On occasion, I like to think that words have intelligible content. If you aren't comfortable with that, and in the context of a game that reduces qualities to numbers and discrete categories no less, then I don't see much productive coming of it. Role-playing, necessarily involves reducing characters to concepts and characteristics that can be conveyed to other people you're playing with. If you can't do that, the game is never going to be able to get off the ground, nor can you have a meaningful discussion about characters. Your only response to that, in the context of RPGs and to some extent character analysis/literary criticism, is not so veiled insults.

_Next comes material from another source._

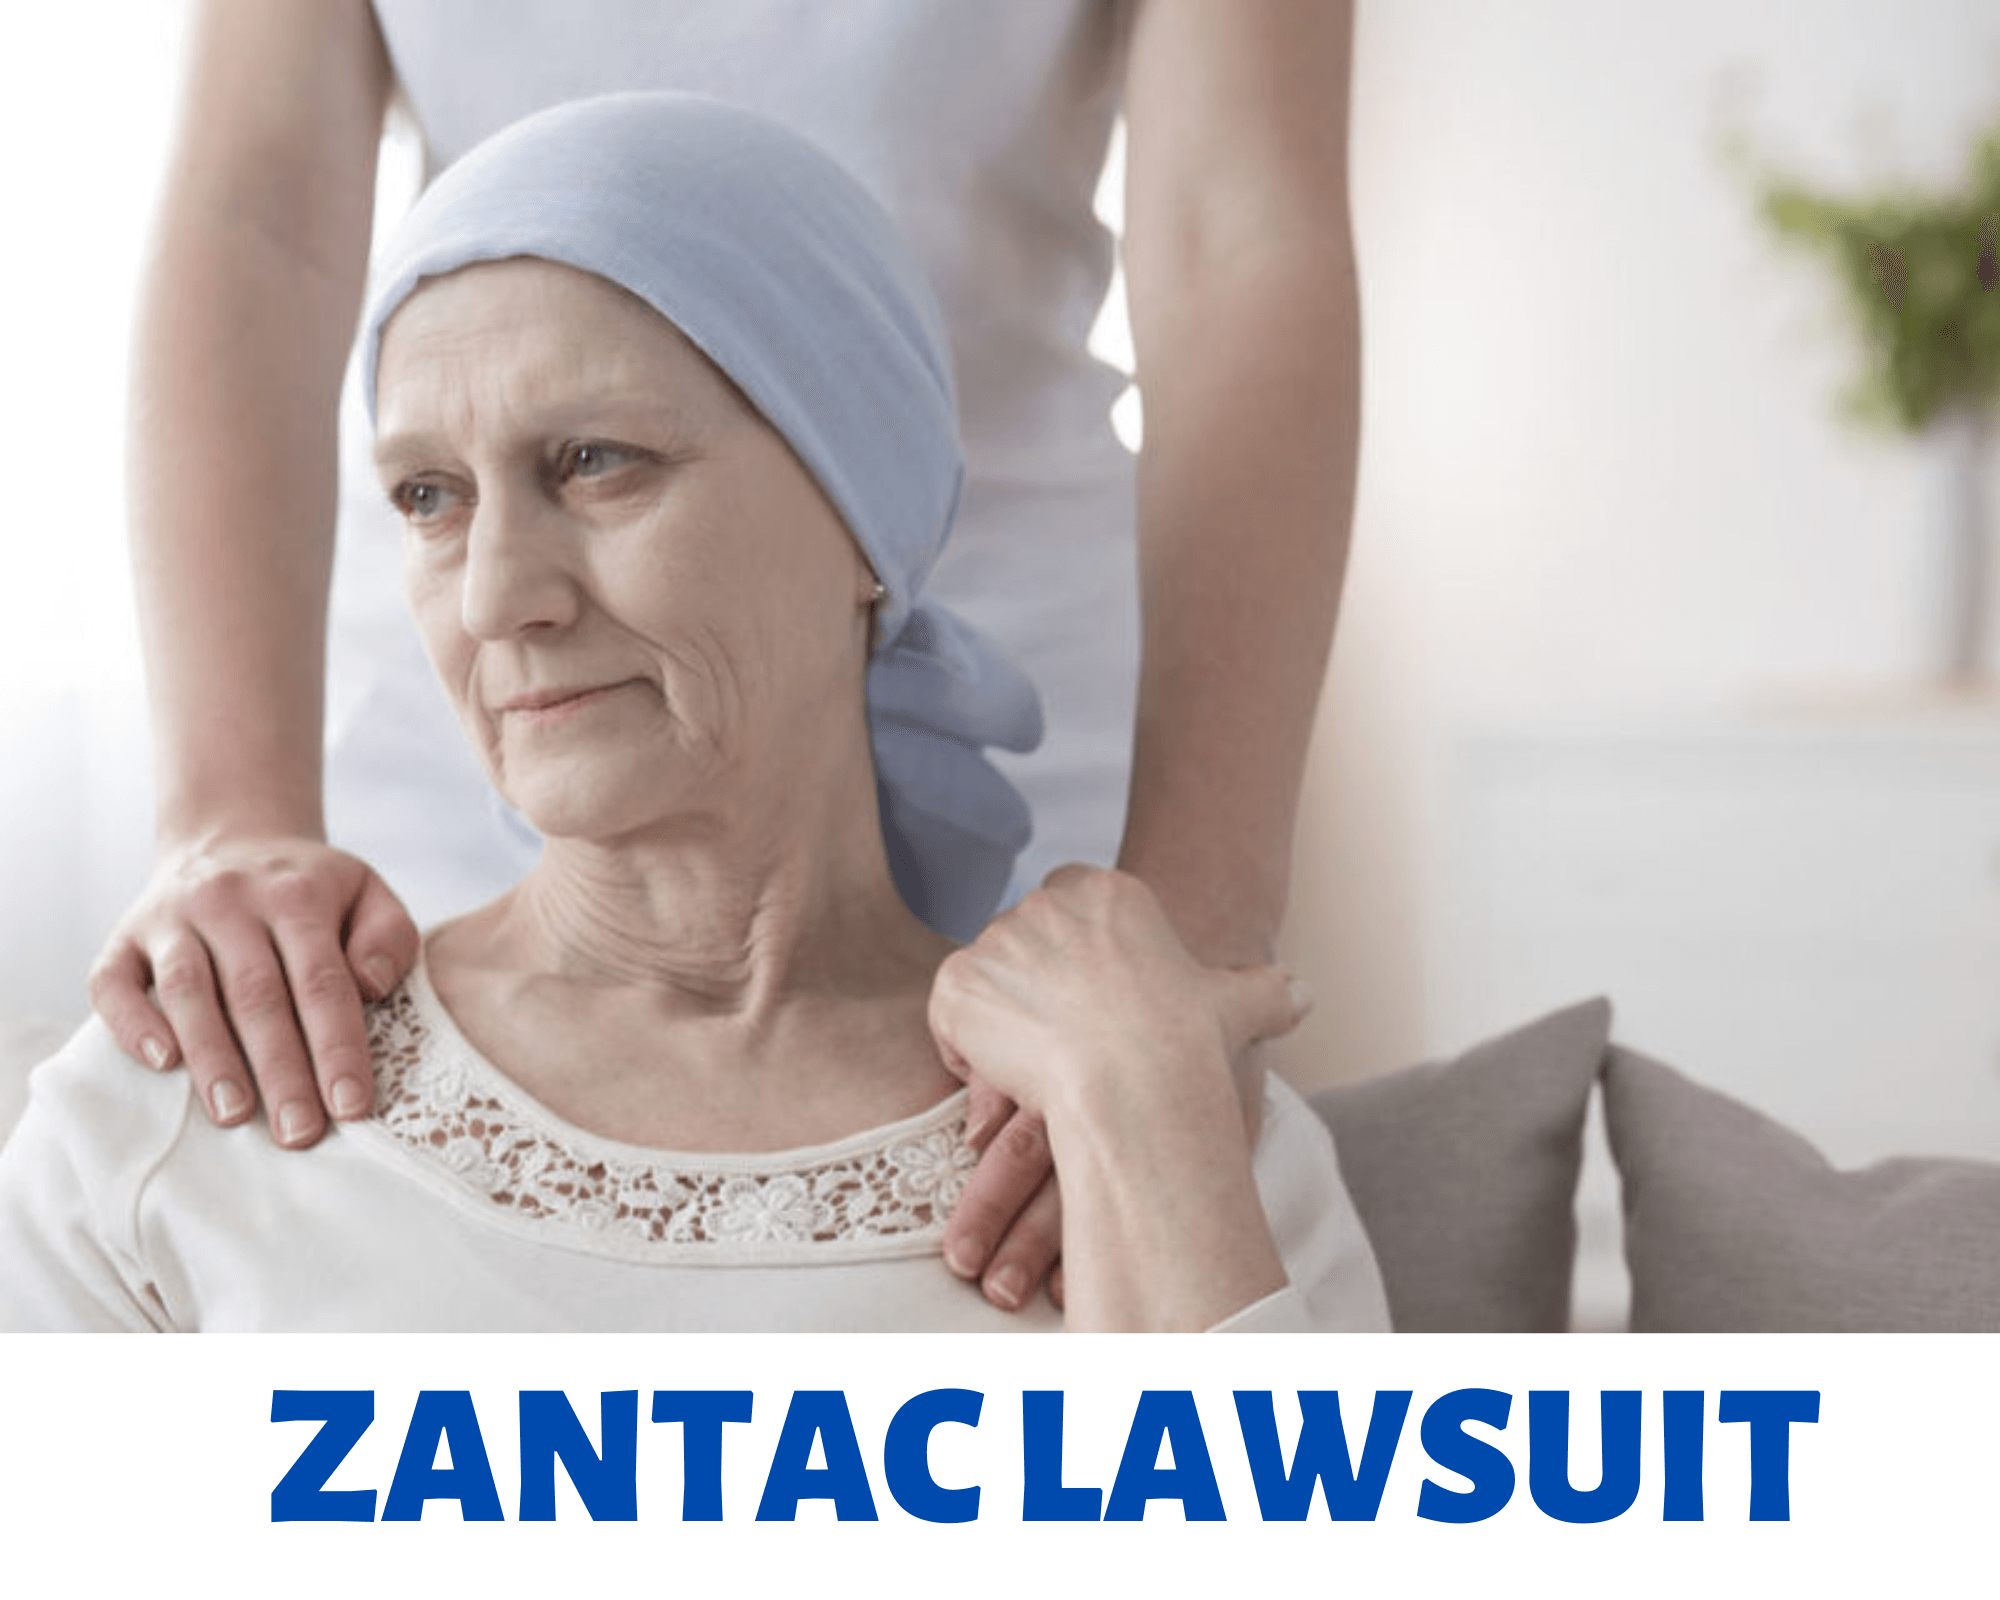 Zantac Cancer Settlement Lawyers, Zantac Lawsuit Claims

The idea that there is some sort of logical impossibility that a character can be a hero and not be intelligent in its conventional, plain English, ordinary meaning, is absurd. Hercules alone, an important mythological hero for millenia, should be a sufficient counterexample. Likewise, Beowulf, Fafhrd, Kalam Mekhar, and Spike Speigel have never been renowned for their intellect. Comic book characters are a little hard to peg down due to various incarnations, but, off the top of my head: Human Torch, Gambit, Namor, and Hawkeye have never been great thinkers. I don't know if I'd call them idiots, but intelligence wouldn't be cited among their strengths. Hell, neither Luke Skywalker or Han Solo seem particularly bright, as noted by a certain princess.
Unless by "smart" one means "capable." That wasn't the context of the original post that started this tangent, which specifically calls out mental abilities and wits. It's also not what the word generally means. And, it also doesn't actually get to the heart of anything interesting except for the very uncontroversial point that heroes probably need to be good at something.